Critique : Requiem pour un massacre

Jean-Noël Nicolau | 10 septembre 2007
Jean-Noël Nicolau | 10 septembre 2007

Probablement le film de guerre le plus insoutenable jamais réalisé (et en cela peut-être aussi le plus grand), Requiem pour un massacre possède une aura quasi unique dans l’histoire du cinéma. Rare et méconnue, l’œuvre, datant de 1985, a longtemps été plus ou moins perdue avant d’être redécouverte peu à peu grâce au DVD. Basé sur des faits réels et principalement l’anéantissement de plus de 600 villages biélorusses durant la seconde Guerre Mondiale, Requiem pour un massacre colle au regard d’un adolescent rejoignant la Résistance malgré son jeune âge. Le titre original, Idi i smotri (Va et regarde) est plus révélateur des choix narratifs et formels du réalisateur Elem Klimov.

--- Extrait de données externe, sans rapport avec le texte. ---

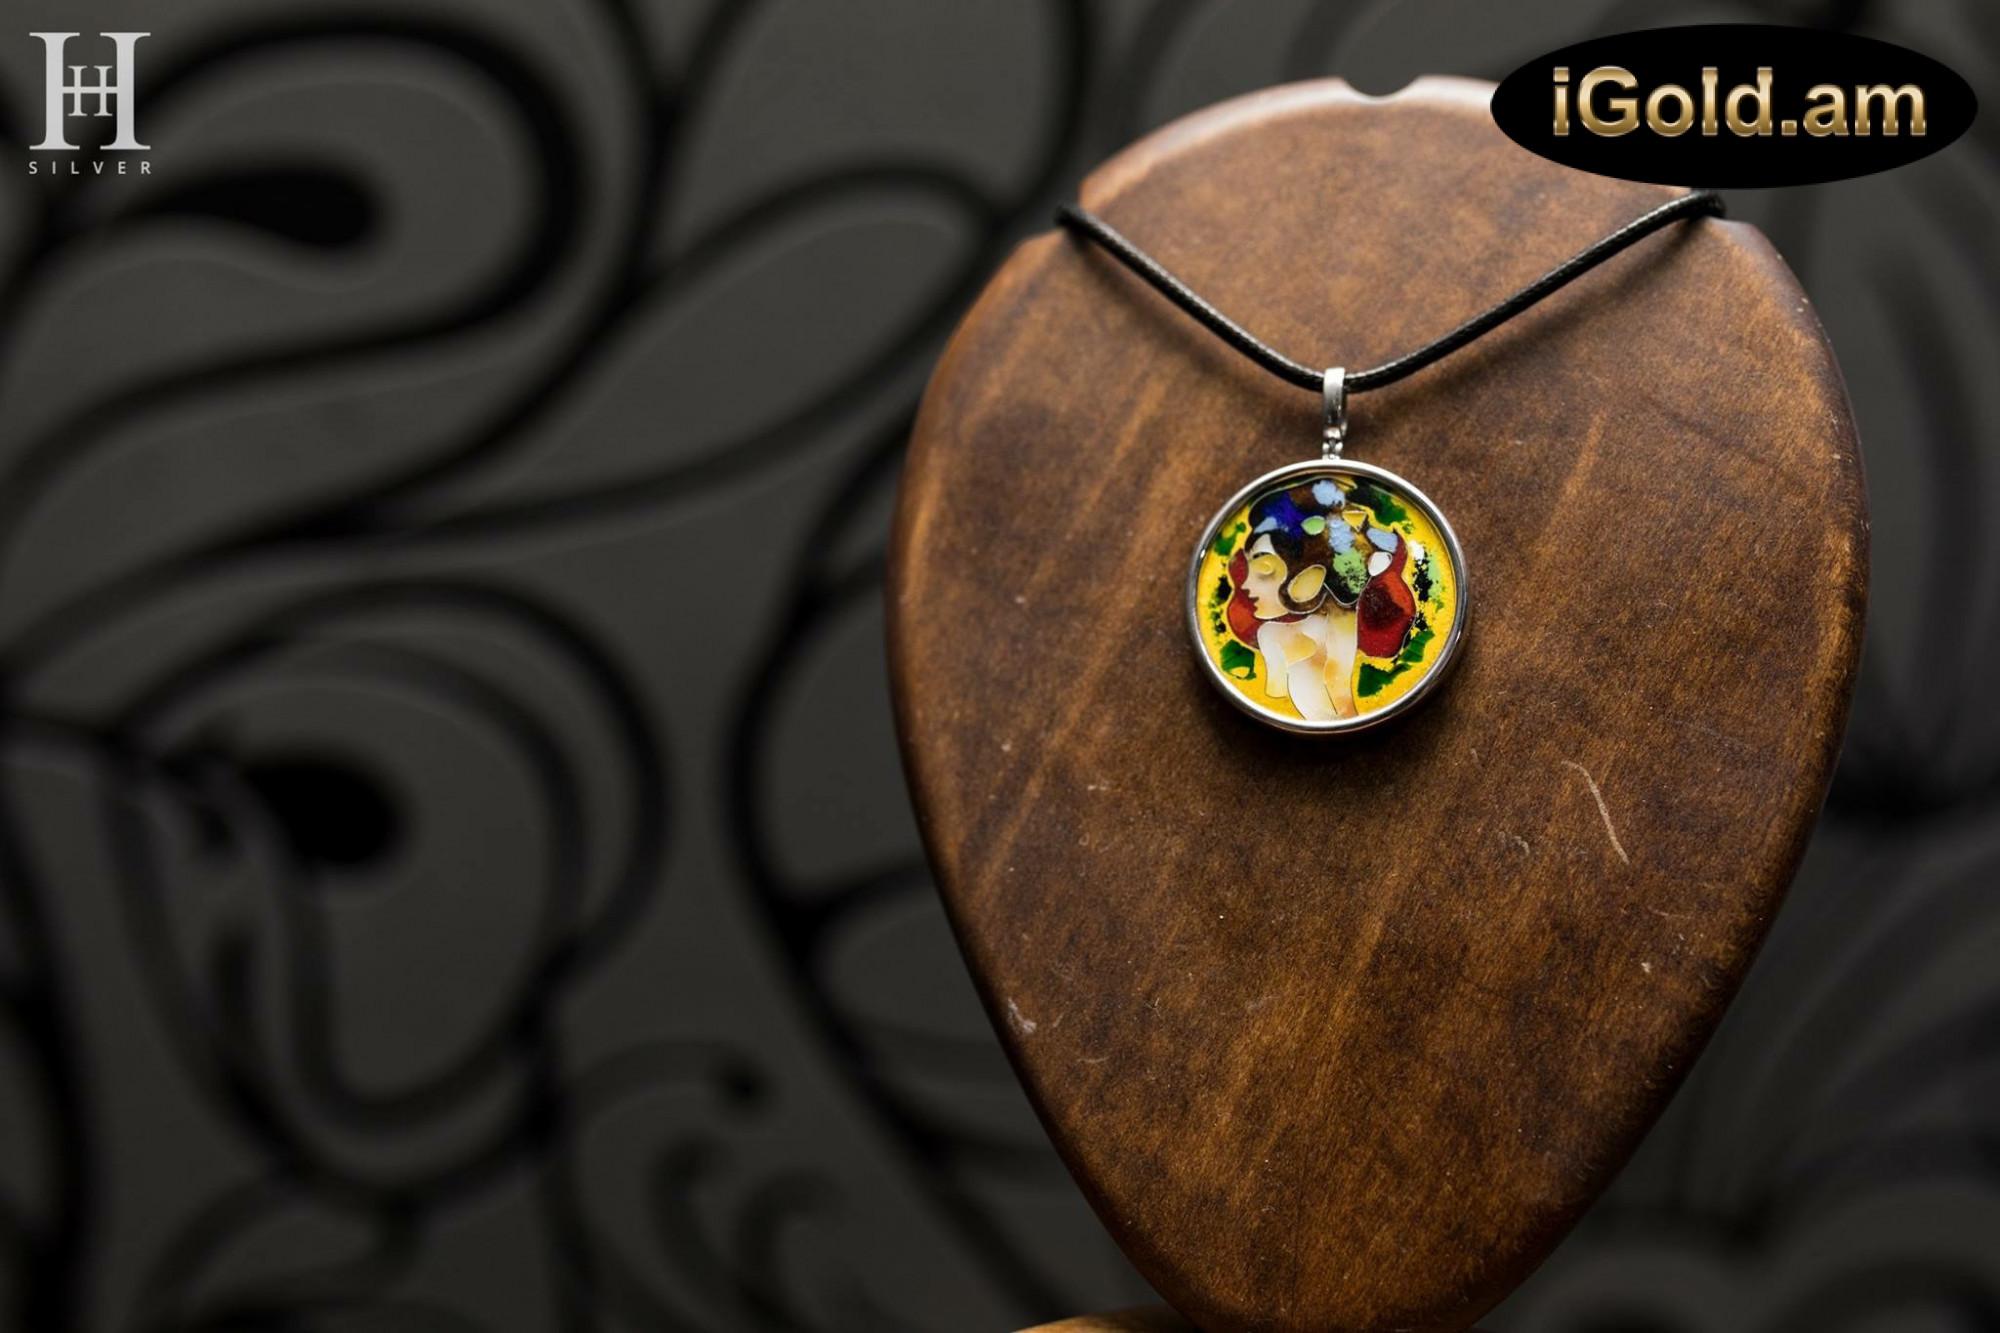 Արծաթից կանացի էքսքլյուզիվ զարդեր կոդ 150-881 arcatic kanaci eqsqlyuziv zarder kod 150-881
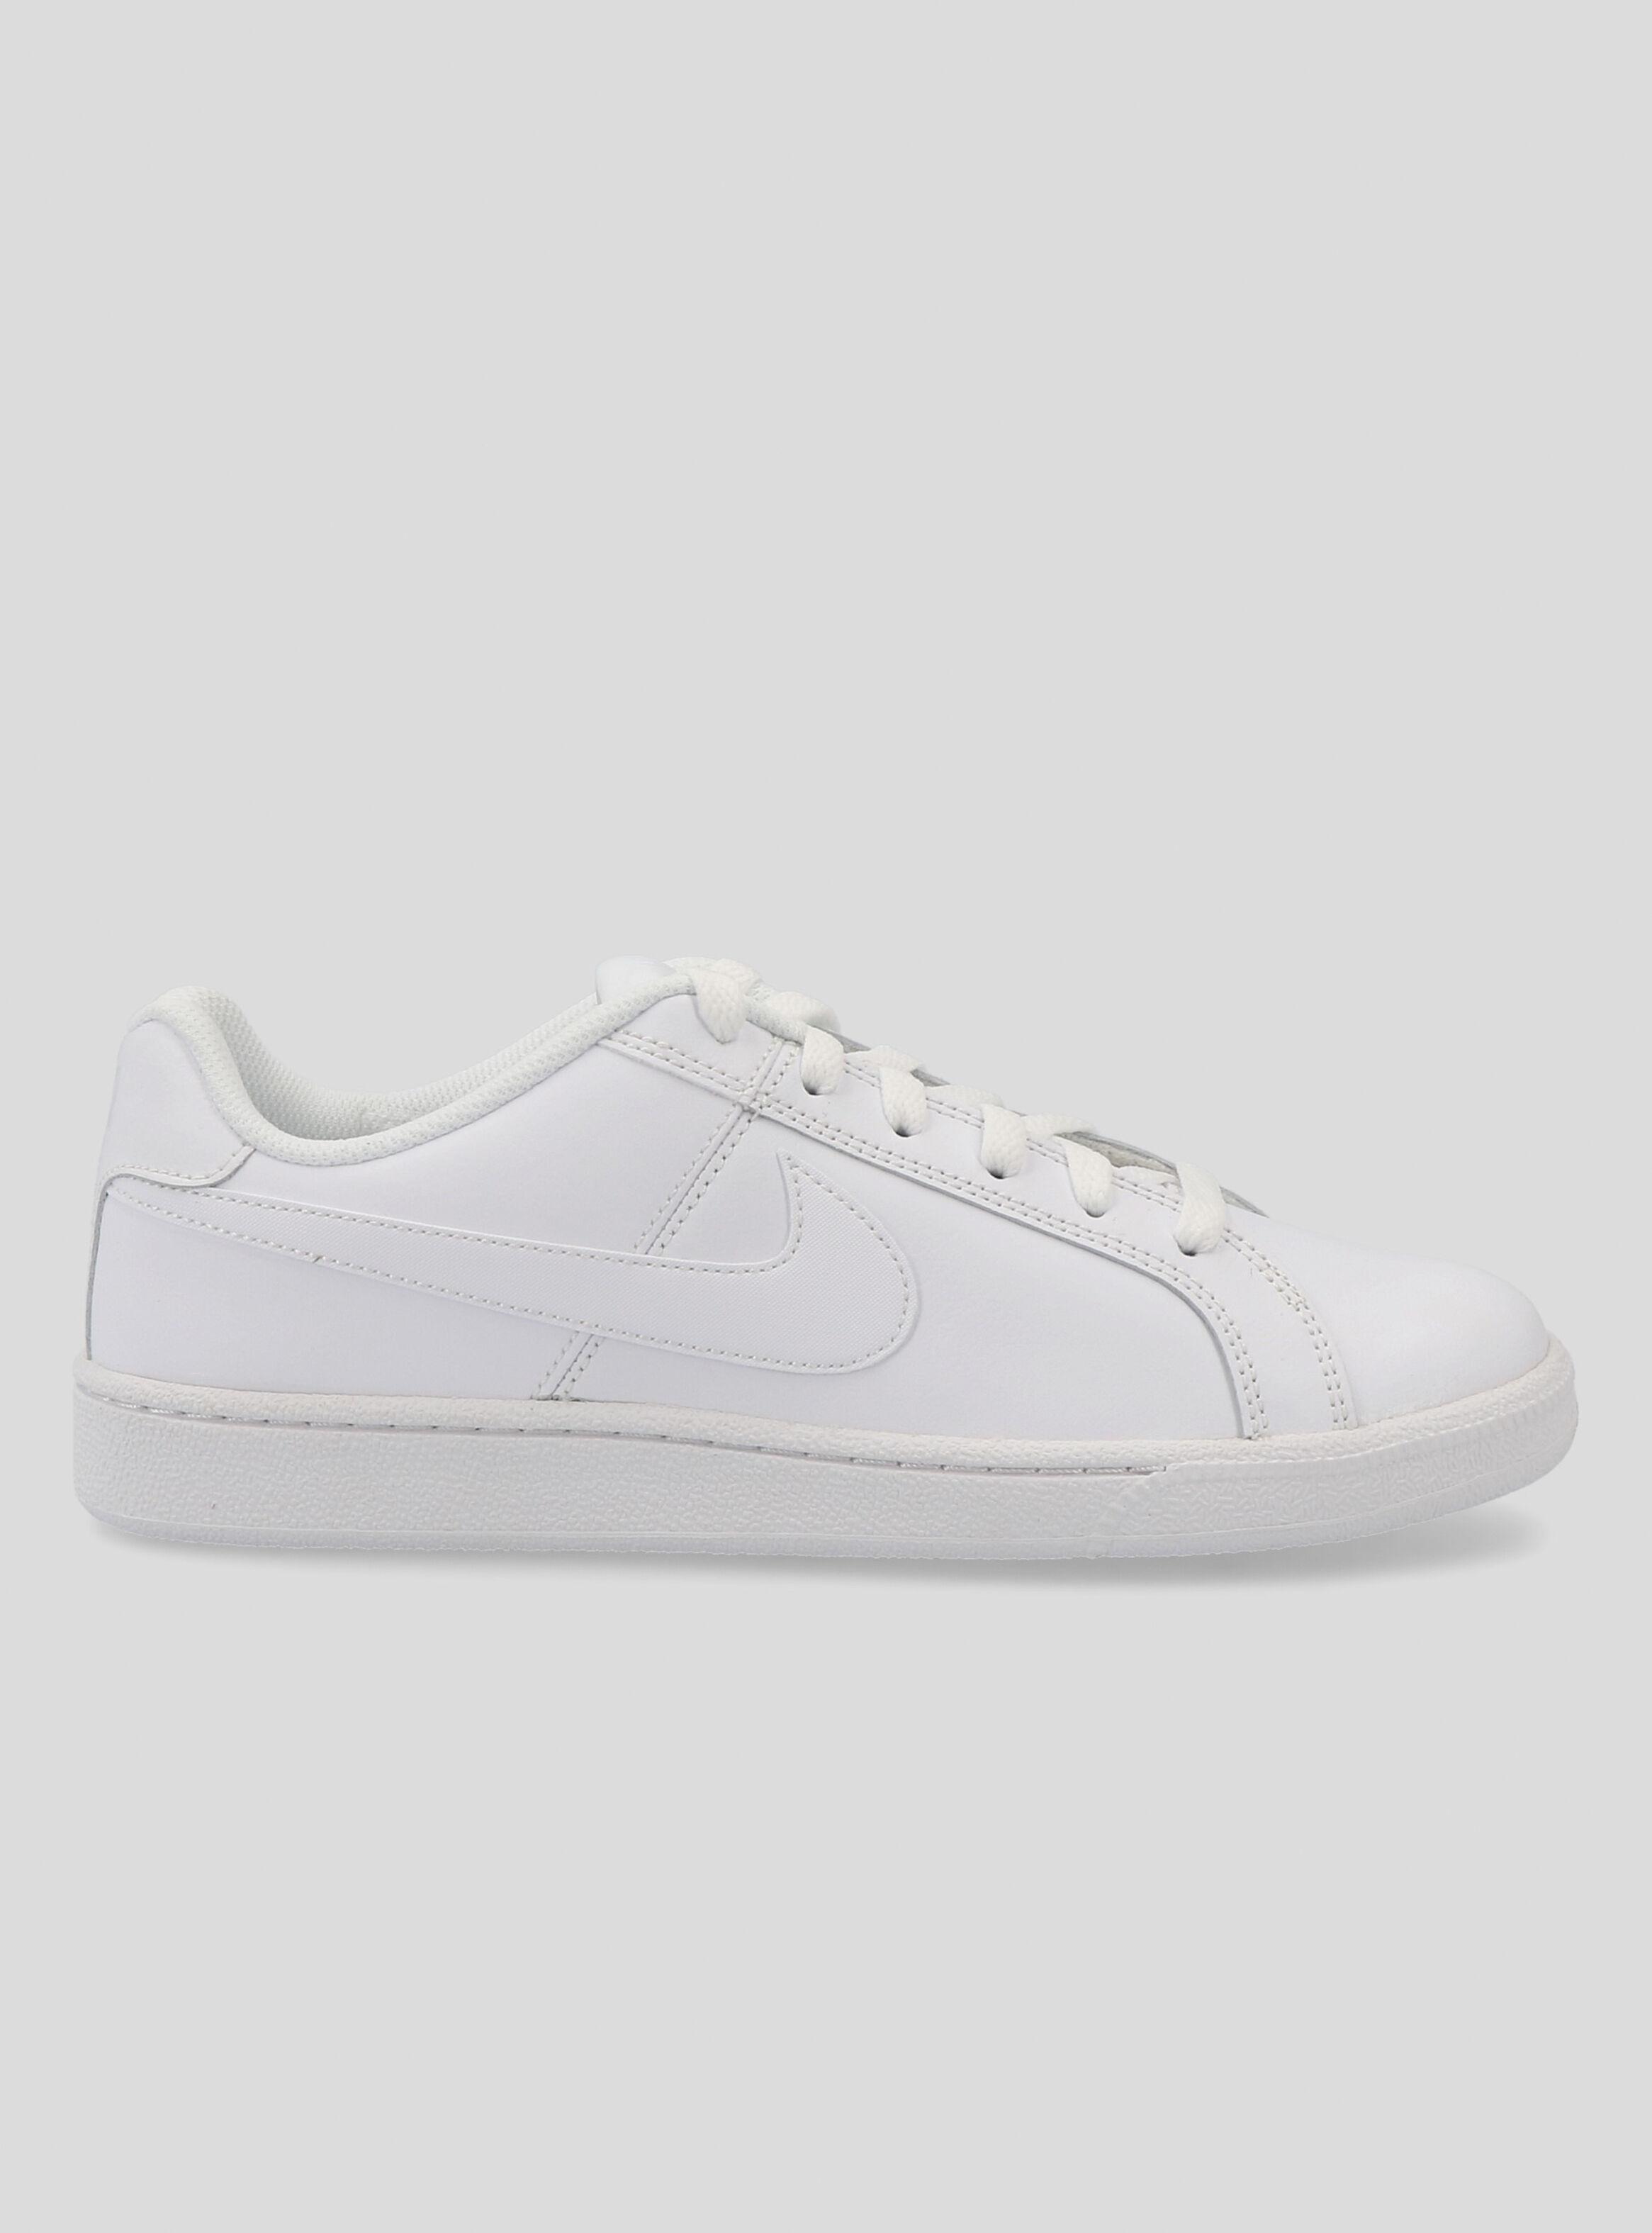 Zapatillas Tenis Nike Oferta Nike Court Royale Niña Negras

En effet, tout est perçu selon les sens de l’innocent, la caméra adoptant souvent directement son point de vue et la bande son se brouillant dans la confusion, comme son audition altérée par le chaos environnant.

Usant de manière sublime du format 1:33, Klimov cite largement Andréi Tarkovski, que ce soit par de longs plans séquences virtuoses ou dans son rapport aux éléments primitifs (pluie, boue, terre, feu…). A la fois ultra réaliste et fréquemment onirique (voire symbolique) Requiem pour un massacre est avant tout une plongée dans la souffrance poussée à son paroxysme. Jamais la douleur et l’atrocité n’ont été filmées avec autant d’intensité, l’auteur refusant en grande partie les lois de la progression dramatique classique. Le crescendo dans l’horreur se fait dans l’amplitude, scandé par des scènes de foule impressionnantes mais aussi par des instants spectaculaires n’ayant rien à envier à Hollywood (bombardement, fusillades, incendie final).

Mais Requiem pour un massacre, et c’est là sa force, n’est jamais divertissant, son immense beauté étant entièrement dédiée aux images les plus insoutenables. A tel point que le spectateur en est parfois réduit à détourner les yeux de l’écran. Les acteurs, en particulier le débutant Aleksei Kravchenko, se donnent avec tellement de puissance que l’on partage immédiatement leur calvaire. Ultime coup de génie, Klimov achève son œuvre sur une idée passionnante : jusqu’où peut-on remonter dans la généalogie du Mal et celui-ci n’est-il pas inhérent à l’humain ? Un questionnement tétanisant qui ne fait qu’ajouter davantage de profondeur à ce chef-d’œuvre.